Among the surprisingly regarded are the University of Louisville Cardinals, sitting at #17, eleven spots ahead of arch rival. That is also a loftier ranking than #19 Marquette or #20 Indiana, both of whom defeated the Cards, and a lower spot than #10 Michigan State, which fell to the Cardinals.

Mine’s not to reason why, etc, etc. It’s a good thing for Louisville and its legion of fans, many of whom are scurrying to jump back on board.

It probably has to do with strength of schedule, I suppose, that W over Sparty and close encounters with other Top 20 squads.

Whatever.

The Cards have vaulted to #37 in Ken Pomeroy’s highly respected computer rankings.

All of which is to say that, if U of L holds serve -- far from a given with the Cats and ACC grind coming up -- the Cards should be dancin’ come March.

Who was it that said it would never happen?

Oh yeah, me.

* * * * *

The following vent is about Rick Pitino. If you’re tired of hearing me carry on about the former U of L coach, or upset that I didn’t keep my vow never to broach the subject here again, save yourself the heartache, don’t read this.

So there I was, grabbing a quick bite to eat while holiday grocery shopping at the Whole Foods.

Frankly though, I didn’t have much of an appetite, so worried have I been about the long term unemployment of U of L’s most recent non-interim basketball coach.

Then, as I shall make clear in a bit, Rick Pitino’s best scenario came clear.

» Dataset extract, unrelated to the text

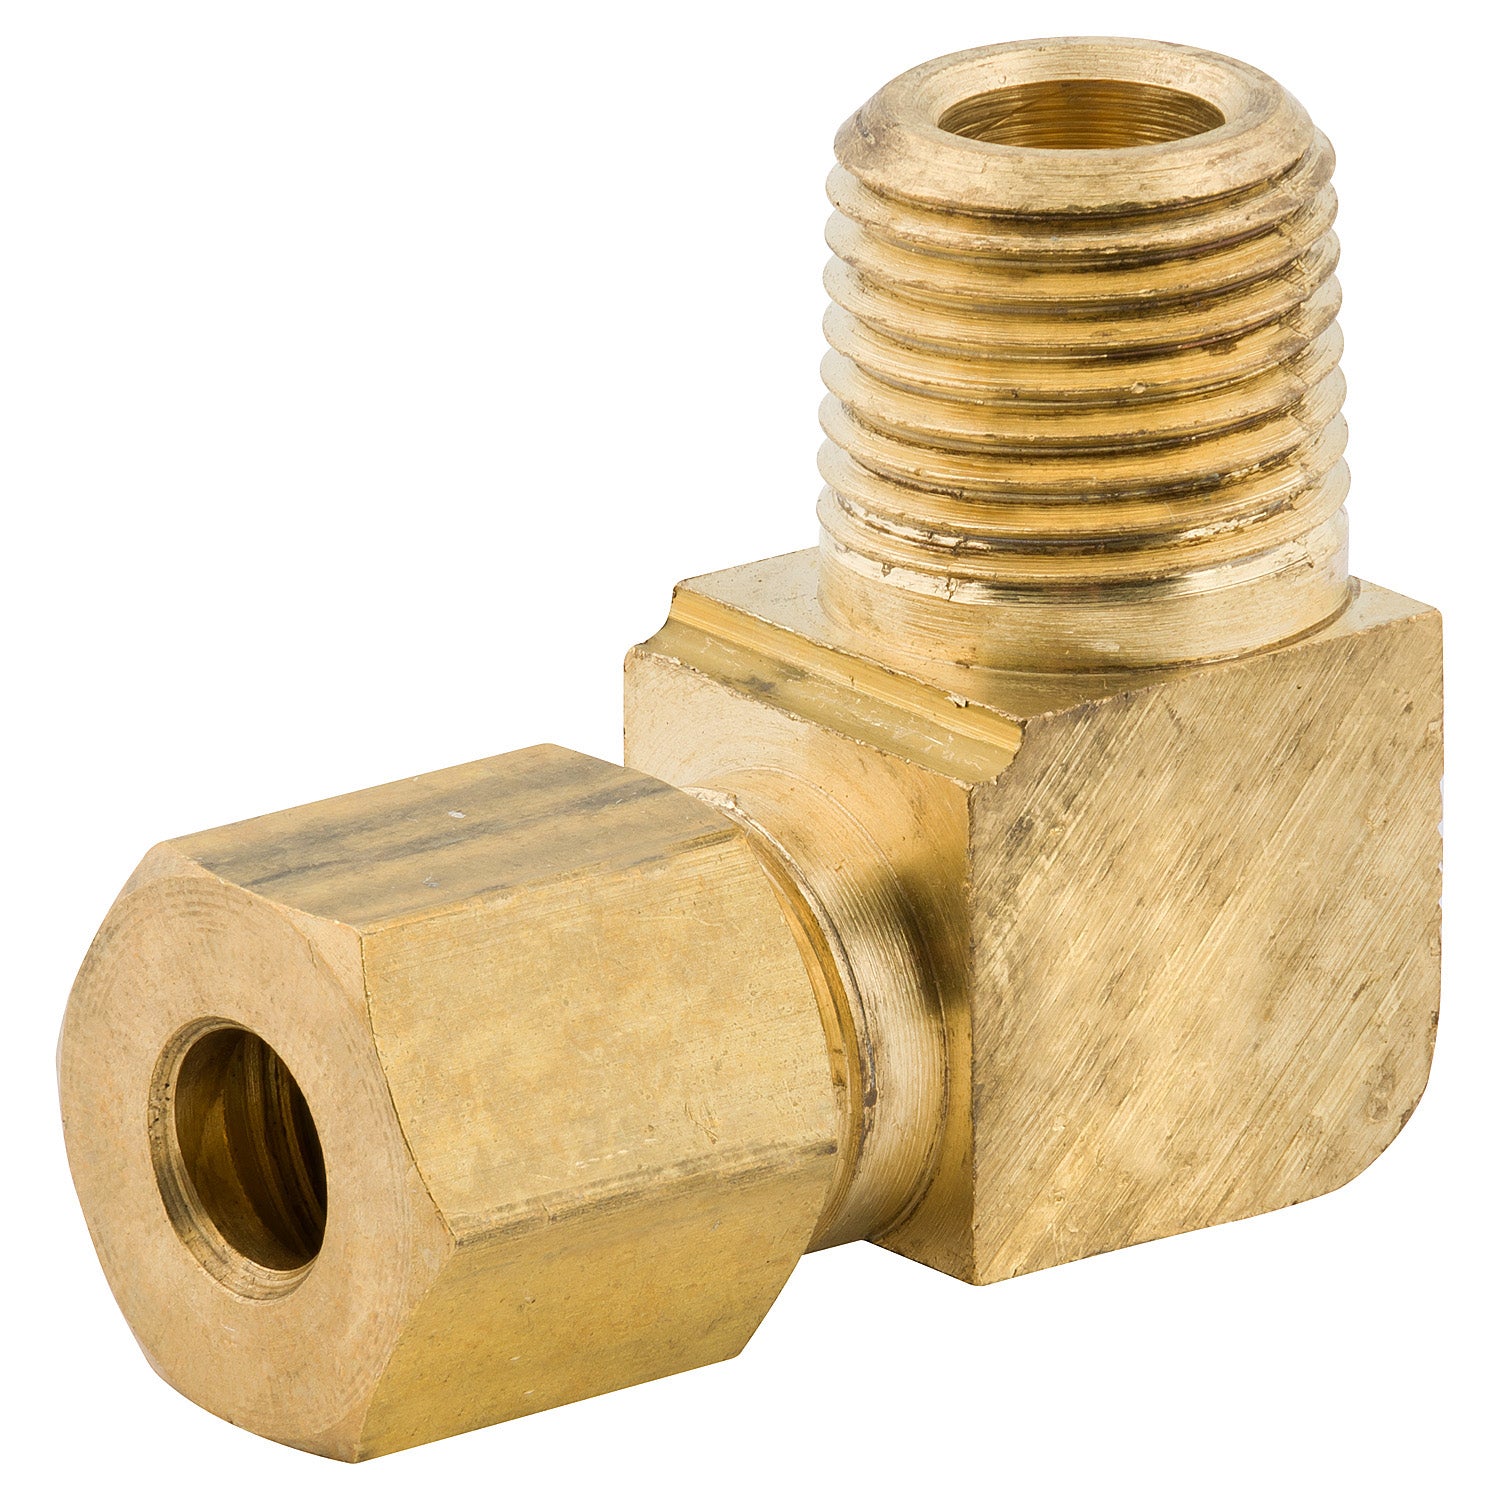 AG Brass Elbow (1/4 BSP Female to 3/8 Compression)
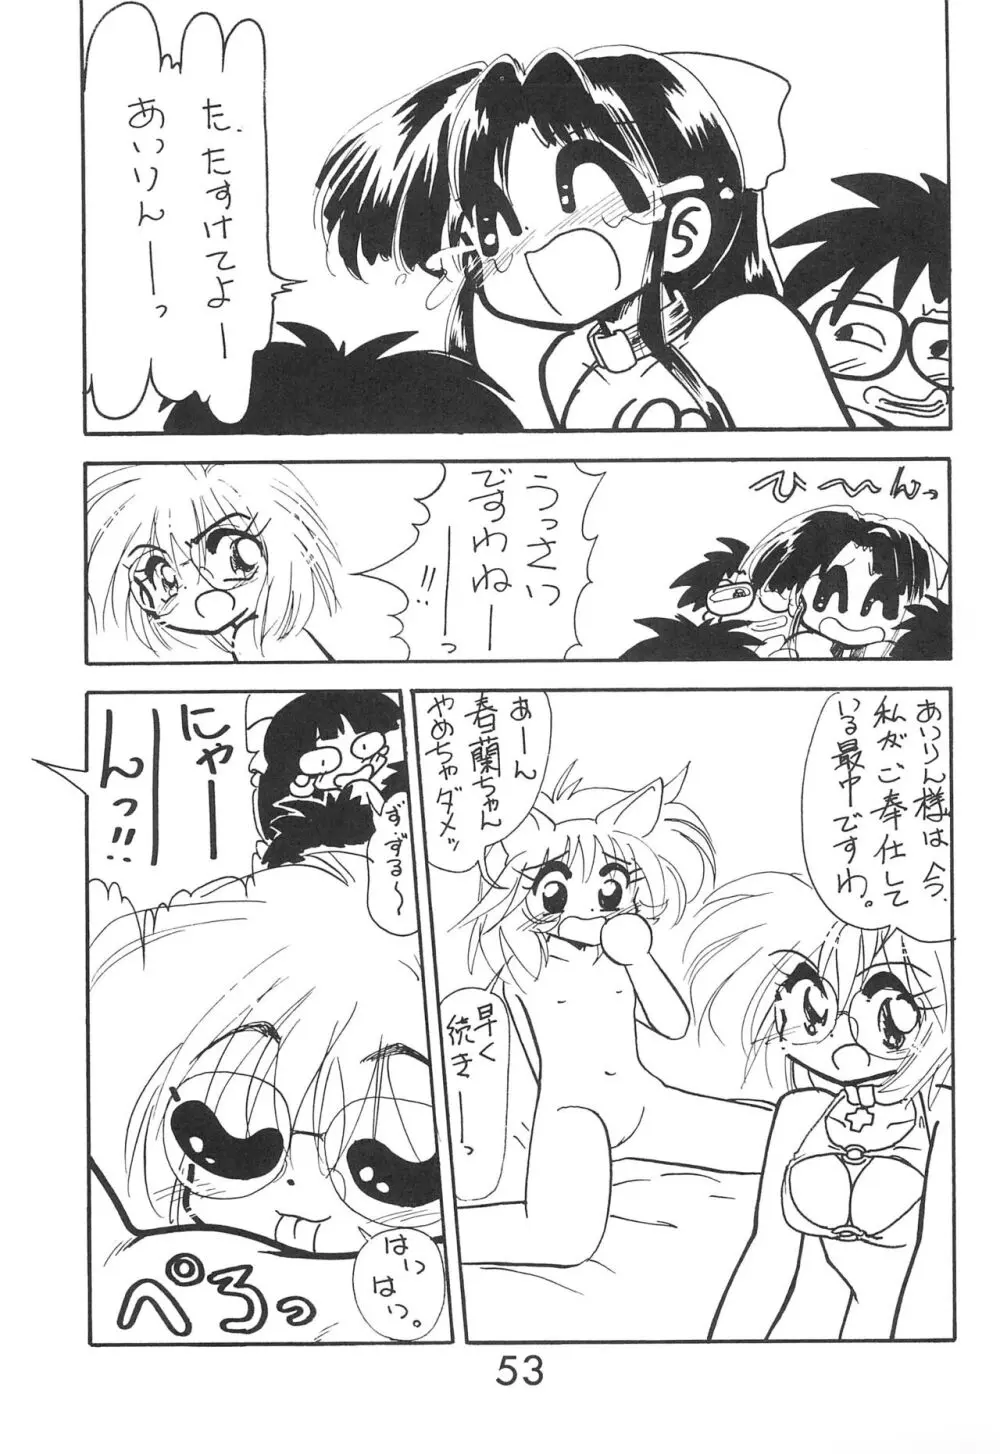 Fun House 9th Chame! - page53

Perspective: I mean the guy’s totally, absolutely, 100% innocent of any of the series of wrongdoings that happened on his watch at the Belknap Campus. Yet, he’s a coaching pariah in his own land. Neither of two hot shot agents could land him a job in college, in the NBA, in the G League or the Tuesday Night Over 35 League at the JCC.

So it’s been reported that Rick Pitino is headed to Greece to coach Panathinaikos -- yes, I had to look it up -- in whatever league or European competition they play in.

Well, actually, there’s conflicting reports about The Rick’s status.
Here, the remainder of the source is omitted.